Complex Interdependence
Keohane and Nye's theory of complex interdependence applied to today: why military power has limits, why multiple channels of connection matter, and why issue hierarchies collapse.
In 1977, Robert Keohane and Joseph Nye introduced the concept of "complex interdependence" as a challenge to classical realism in international relations. Their argument: the world is not simply one of states competing through military power. There are multiple channels of connection — governmental, intergovernmental, NGO, transnational corporations, individuals — and military force is neither the only tool nor always the most effective one.
Three characteristics define complex interdependence:
1. Multiple channels. State-to-state relations are not the only ones that matter. Business, civil society, academic, and personal ties all create connections that affect international outcomes.
2. Absence of hierarchy among issues. In classical realism, military security is always the top priority. Under complex interdependence, economic, environmental, and social issues can become equally or more important. "High politics" and "low politics" blur.
3. Minor role of military force. Military force is still used, but among countries with dense interconnections, the costs and risks of using it rise dramatically.
Reading this as a college student, I thought it felt optimistic to the point of naivety. States obviously still use military force. Trade wars happen.
But what's striking, returning to it now, is how much of the world actually operates the way Keohane and Nye described. Supply chains, financial systems, climate negotiations, internet governance — these are domains where pure military power is largely irrelevant, where multiple actors have agency, and where hierarchical issue rankings keep collapsing.

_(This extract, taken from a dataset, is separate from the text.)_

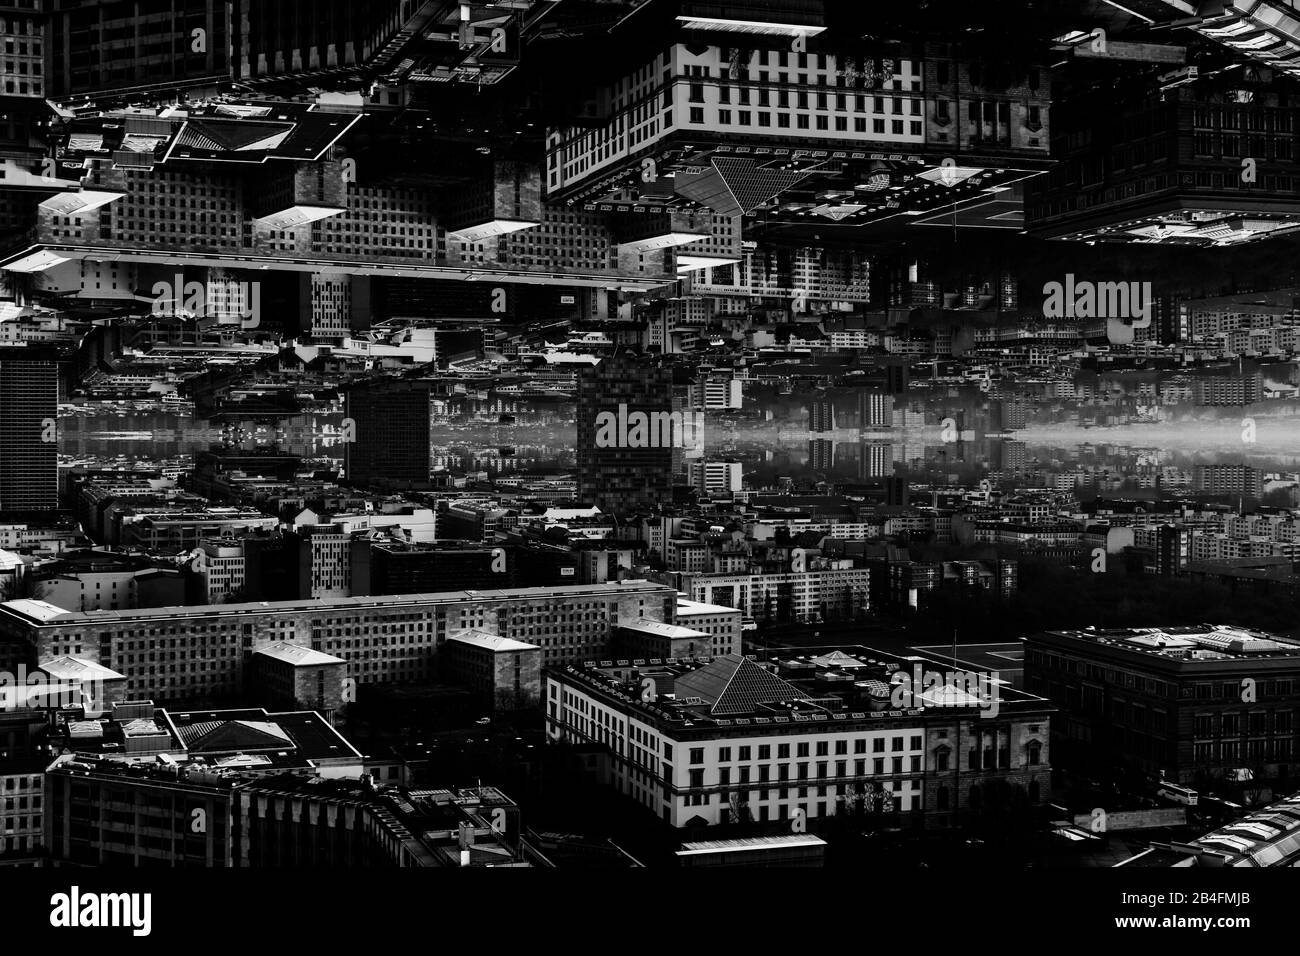 Panoramic view over the roofs of Berlin, mirrored a surreal look Stock Photo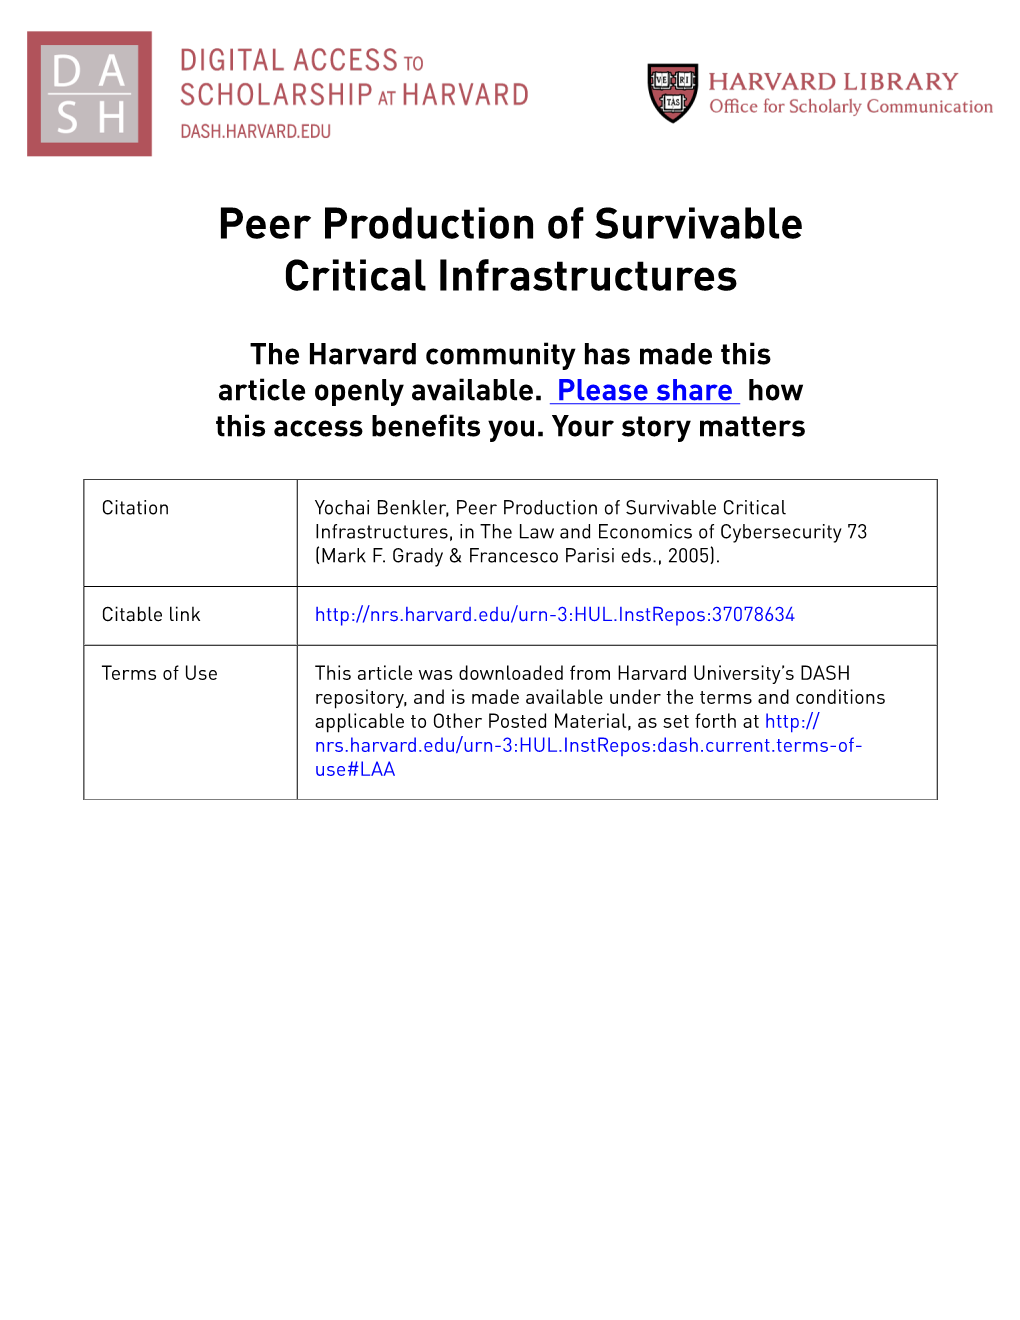 Peer Production of Survivable Infrastructures

Joseph Nye's most important subsequent contribution — "soft power" — is essentially complex interdependence with a practical punchline: if military force is expensive and unreliable, then the ability to attract rather than coerce becomes the decisive resource.
The framework has limits. It underestimated how quickly the US-China relationship could deteriorate, and how nationalism could override interdependence calculations. But as a description of how most international interactions actually work on most days, it holds up remarkably well.